Но попробуй возьми голыми руками Харлампия!
Велел Сазон никого из баскакинских близко не подпускать к фабрике. Уж он и задаток взял с Барсучихи. Не нынче, так завтра погонят к ней проданных ткачей.
Вышла Аннушка на бельник за кусты, пригорюнилась, говорит:
— Полянка, Полянка, хоть бы ты заступилась за нас! Дала бы ты мне шелку твоего — сшила бы я всем кабальным нашим по рубашке-невидимке. Ветер, ветерок, скажи ты Поляне — с горя плачут все миряне!
Не успела Анна проговорить — сверкнула в подоблачье белыми крыльями чайка. С каждого крыла уронила на луг по белой шелковой полоске — столько, сколько надо, чтобы ткачам хватило по рубашке.
Приехал от Барсучихи староста-бурмистр — как боров, откормленный, лицо — с решето. С ним погонщики.

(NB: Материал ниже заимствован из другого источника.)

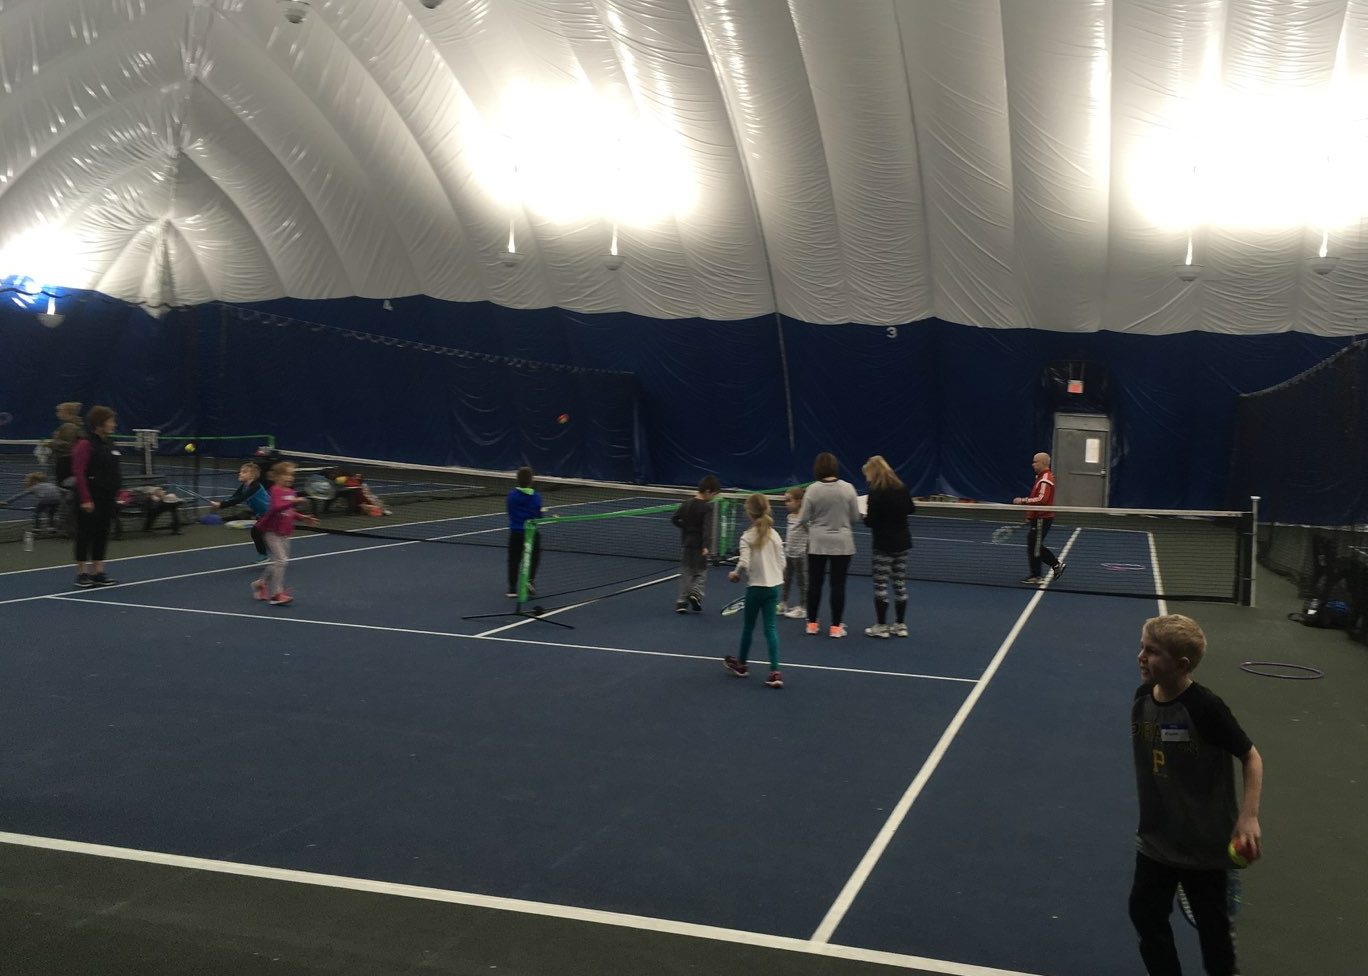 Indoor Courts photo

Какие пожитки у ткачей? У кого узелок, у кого сума — вот и все. Погнали купленных в Заборье к Барсучихе. Впереди — староста верхом, сзади — погонщики с кнутами. Идут ткачи молча, зубы стиснули, кулаки сжали. О своем думают.
Перед белыми столбами, под старыми липами у господского крыльца, оставил староста покупных людей, сам без шапки побежал к самодурке: глянь, мол, поди, что за людей пригнали, еще полюбятся, ли такие.
Уходил староста — велел ткачам одеться в новые рубашки, чтобы барыню порадовать своим видом. Оделись ткачи в новые рубашки, а девушки и женщины — в шелковые платья…
Барсучиха вышла на крыльцо, и с ней староста. Смотрят — перед крыльцом одни погонщики. Суматоха, говор. Погонщики бегают, словно отнимают у кого-то свои кнуты. А кнуты-то сами погонщиков хлещут. И старосту разков пяток задели. Узелки летают по воздуху. А потом пошли сумки и узелки от крыльца к саду.